Madison, OH. Township Asks Wal-Mart to Contribute for Infrastructure
Trustees ask Wal-Mart to chip in for waterlines [News-Herald (Calif.)]
Madison Township trustees want Wal-Mart to help pay for a waterline project that would cost affected Meadow Wood Drive residents about $15,000 each.
Trustees Jeff Quirk, Pete Wayman and Bill Brotzman agreed unanimously to ask the retail chain to help the Meadow Wood Homeowners Association.
The association said Wal-Mart started a sewer line that wound up with homeowners switching from well water to county water.
“This change, we believe, led to one of the wells on Meadow Wood Drive testing positive for E. coli,” association President Doug Stauffer said in a written statement to trustees.
“It was after the well tested positive for E. coli that we felt forced to seek a way to protect the health of our families, as well as the value of our homes. We believe that Wal-Mart didn’t really recognize the impact to watershed that development of the Madison site caused and hasn’t adequately protected its neighbors.”
The association said it would like to see trustees “requiring Wal-Mart to in some way offset the damages.”
In their statement, trustees said they wrote to Ron Mosby Sr., the Ohio senior manager of public affairs for Wal-Mart:
“It is believed that the construction of your Madison Township store located due south of their homes has led to their problems.
“We are asking that you participate in the costs of the waterline project. The Meadow Wood Drive residents did not have these problems prior to your store being built and we feel they should not have to bear the project costs themselves.
“We also request that drainage problems also be addressed to lessen the impact of changes in the watershed.
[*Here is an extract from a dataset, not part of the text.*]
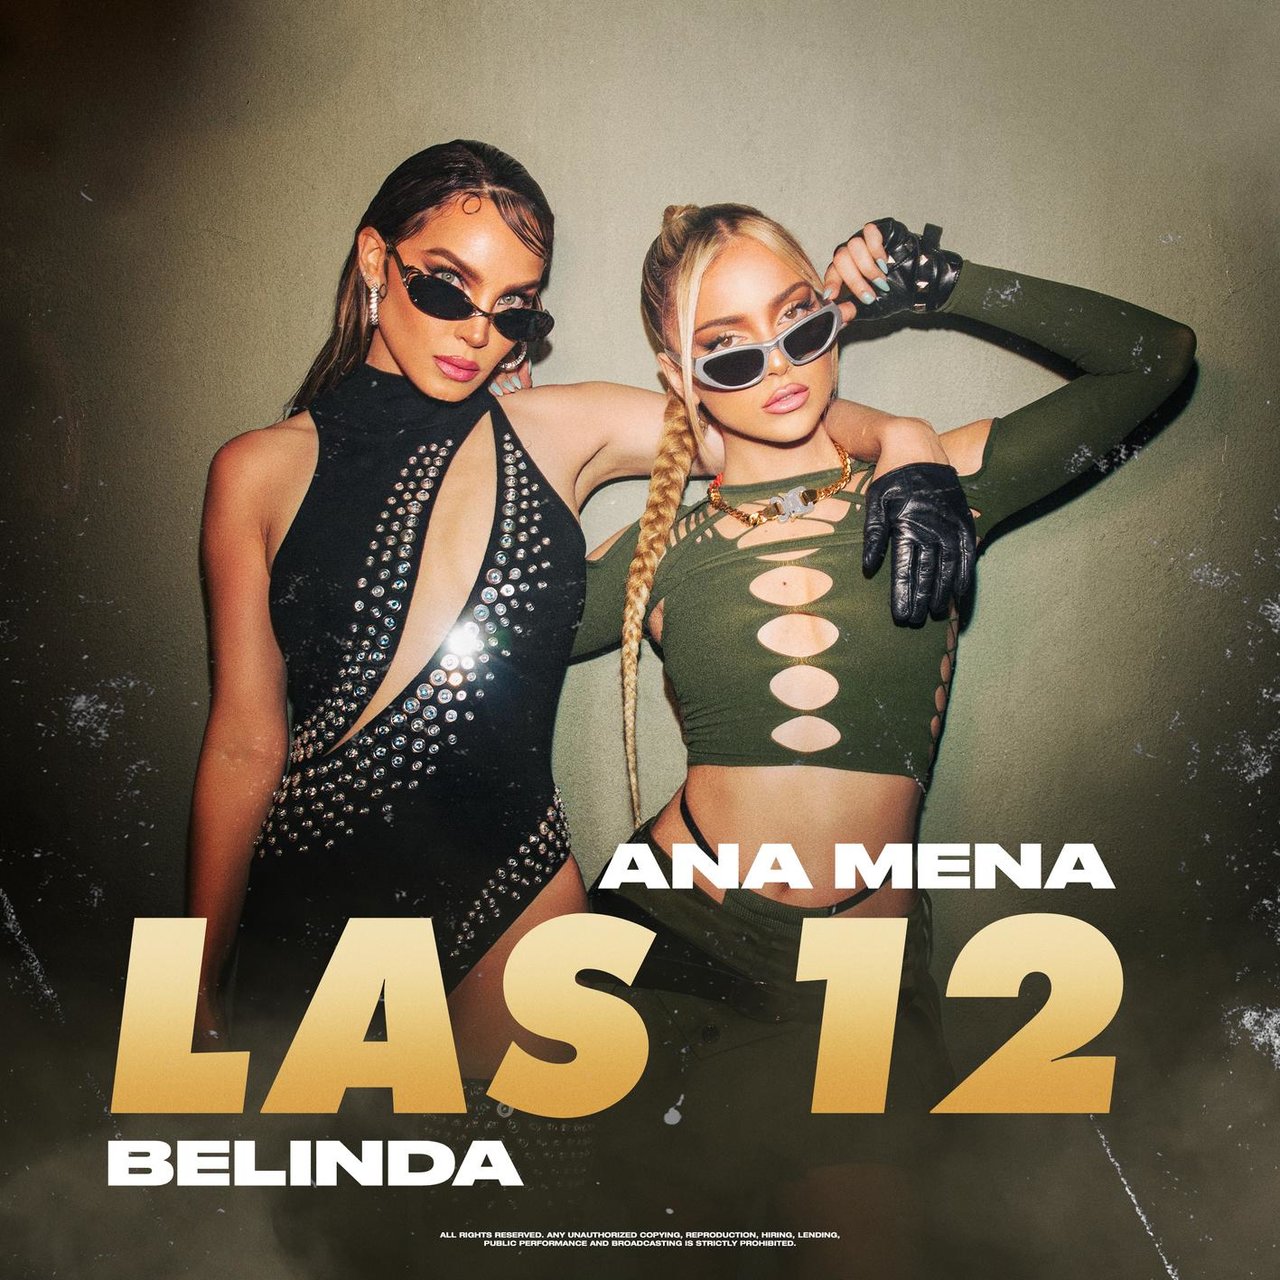 Ana Mena & Belinda — LAS 12 cover artwork

This water table change has caused flooding and drainage problems that did not exist before.”
Trustees, the Homeowners Association and nearby Madison Country Club said water-switching problems were compounded by the historic July 2006 flood that hit Lake County.
“The greens superintendent of Madison Country, Terry Hambleton, and we are convinced that the water table north of Wal-Mart has been dramatically changed,” the association wrote.
The association said the “unexpected situation” is costing 13 homeowners a total of $195,000, or $15,000 per household.
“New streams have appeared after just a moderate rainfall where no water flowed before,” the association wrote.
Two homes on Meadow Wood at Green Road are not affected, as they are connected to a waterline on Green Road.
Mosby said Wednesday he had not seen the letter from township trustees.
“I can’t really comment yet,” Mosby said.
Copies of the letter also were sent to other Wal-Mart officials.